-- Opening Marker --
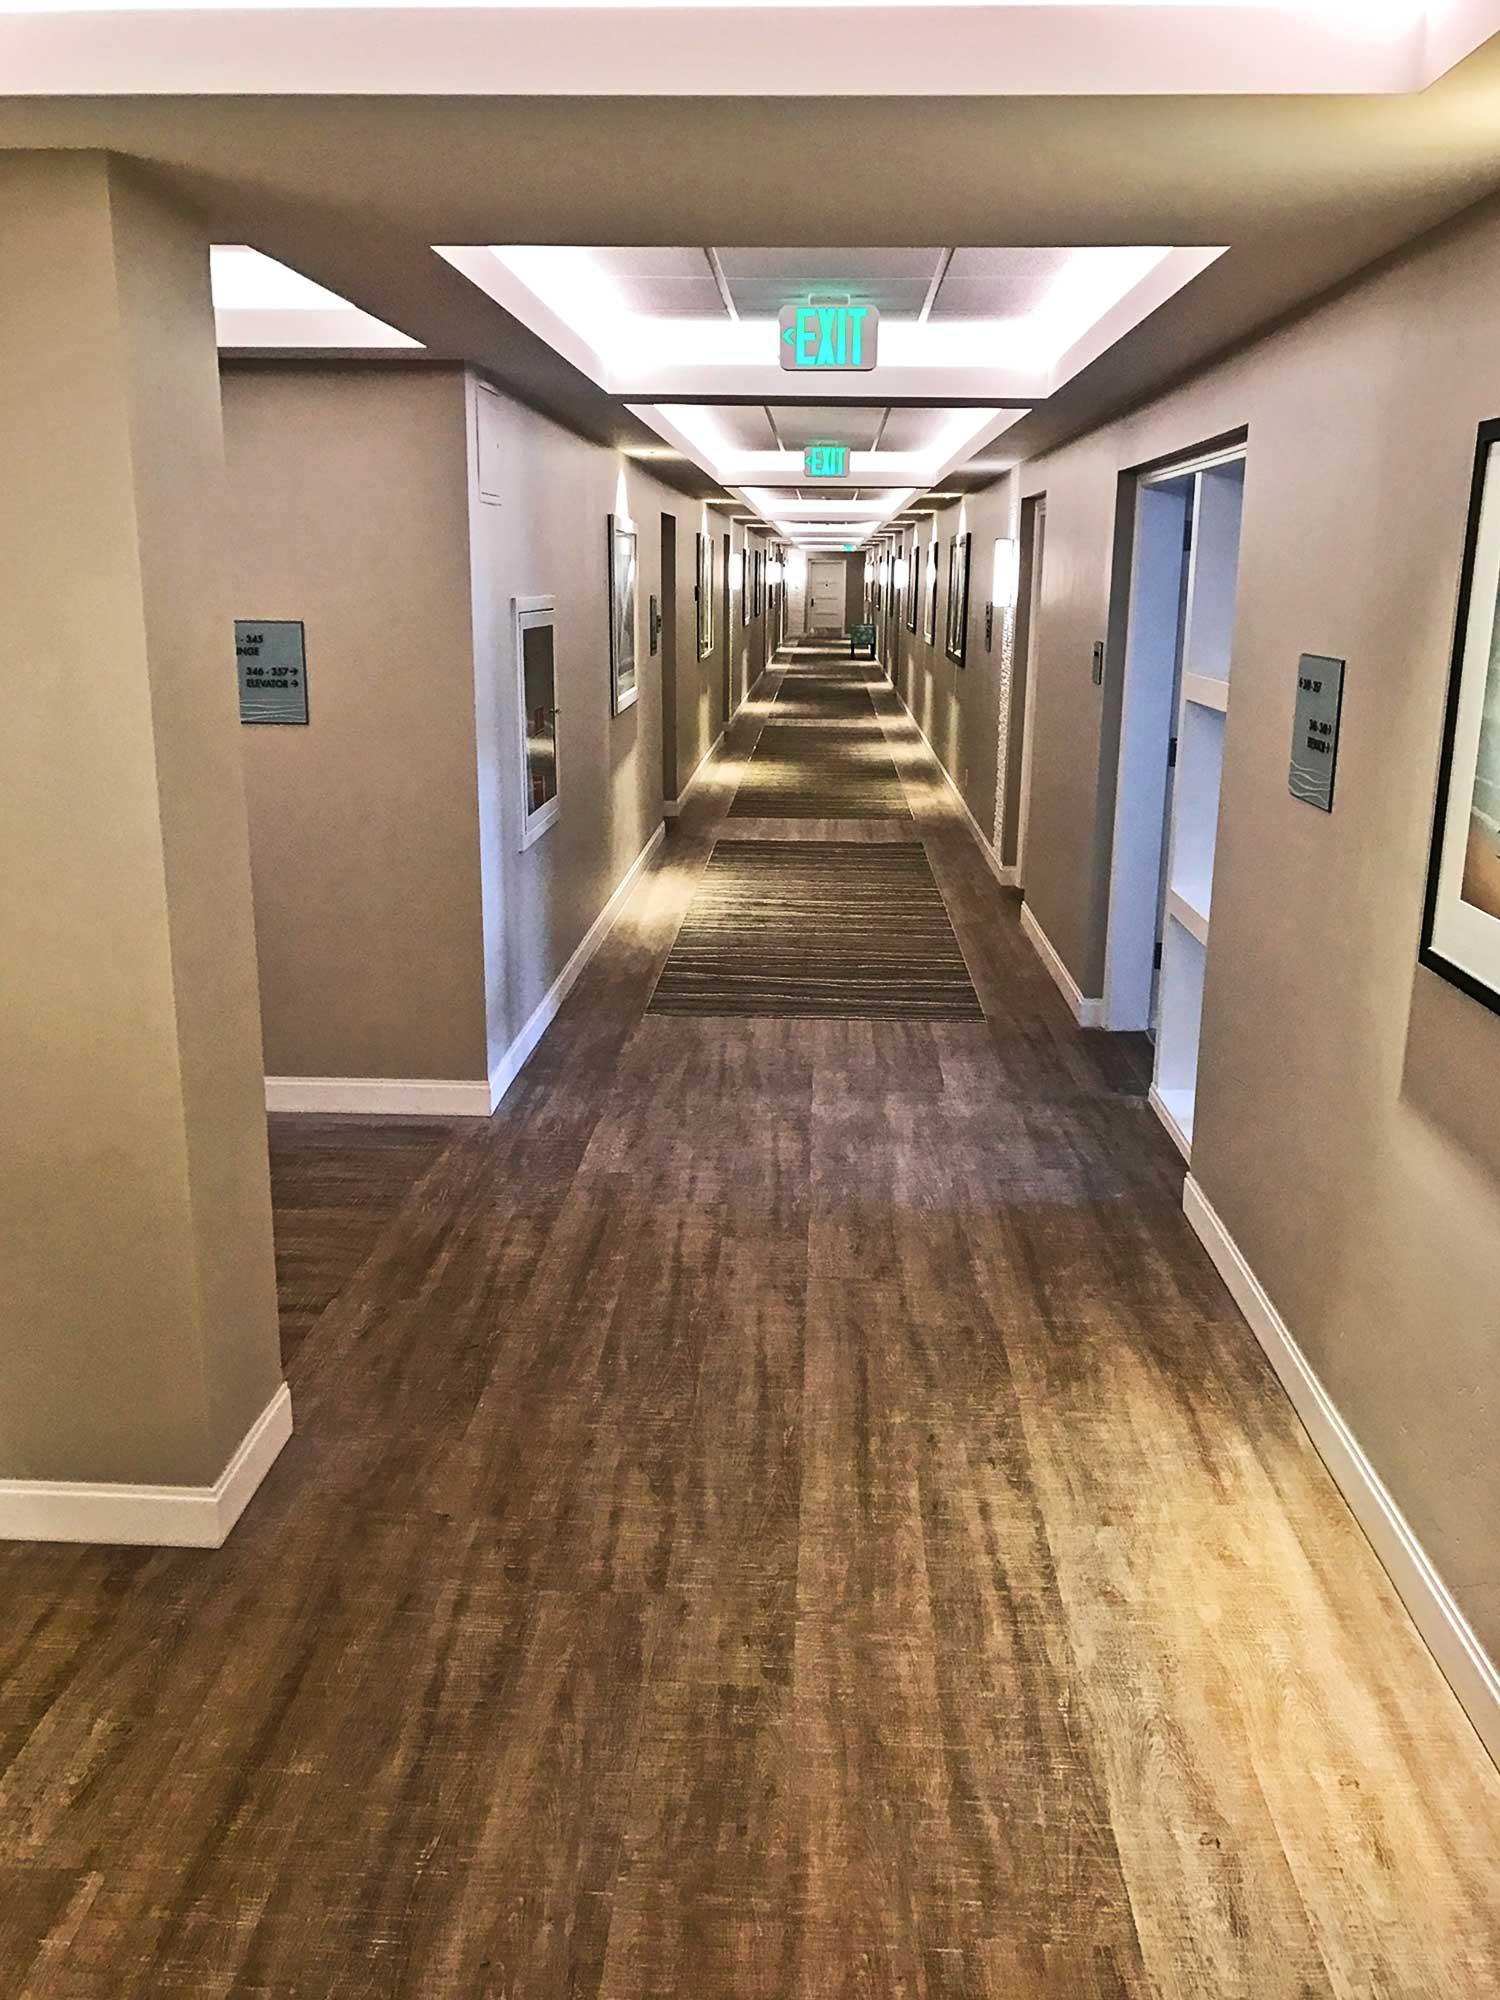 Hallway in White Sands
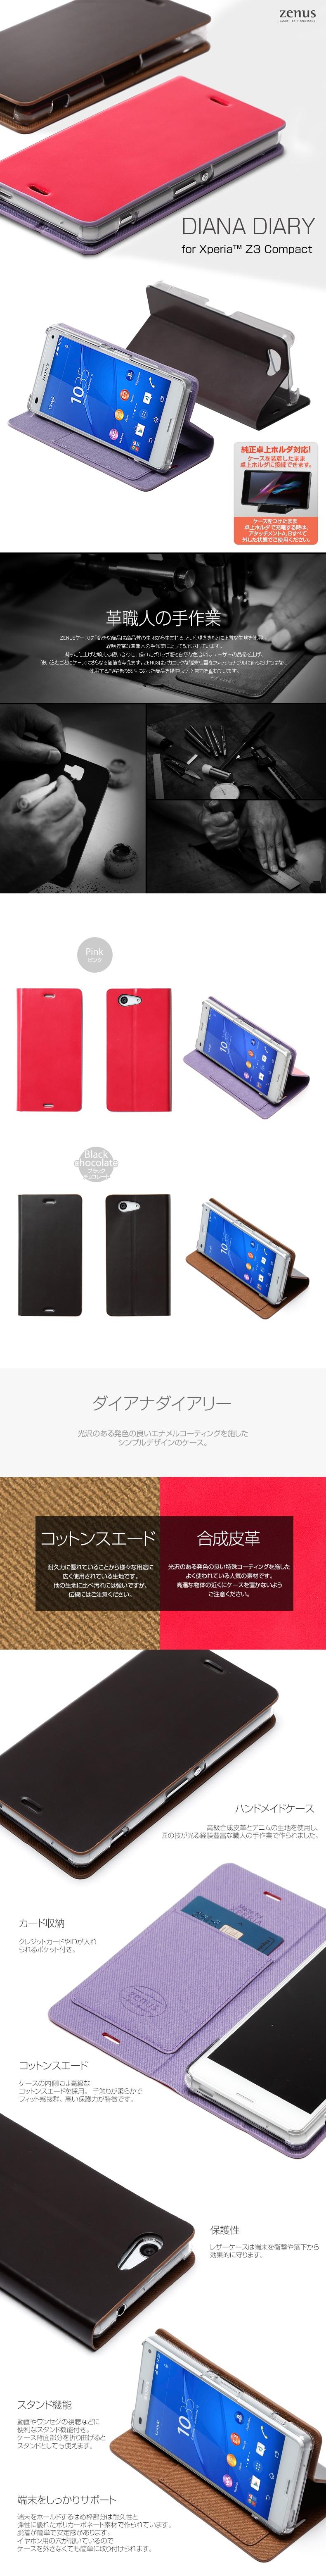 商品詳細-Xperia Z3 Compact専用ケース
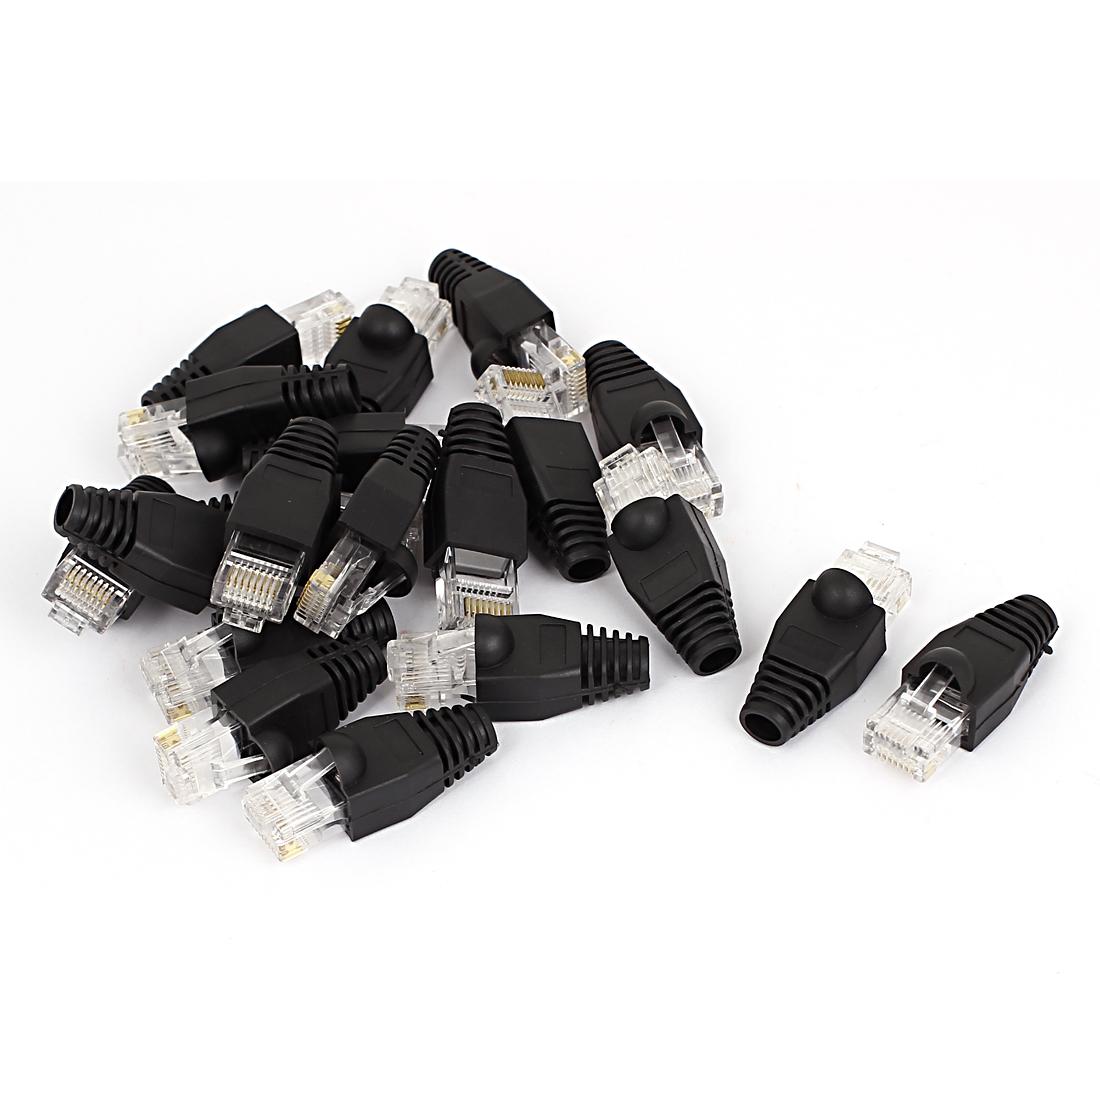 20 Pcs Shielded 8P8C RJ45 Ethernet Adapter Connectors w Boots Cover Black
-- Closing Marker --
| What to produce |
Please print all the lines above exactly as given and leave out every picture.

| Written solution |
 Hallway in White Sands
 商品詳細-Xperia Z3 Compact専用ケース
 20 Pcs Shielded 8P8C RJ45 Ethernet Adapter Connectors w Boots Cover Black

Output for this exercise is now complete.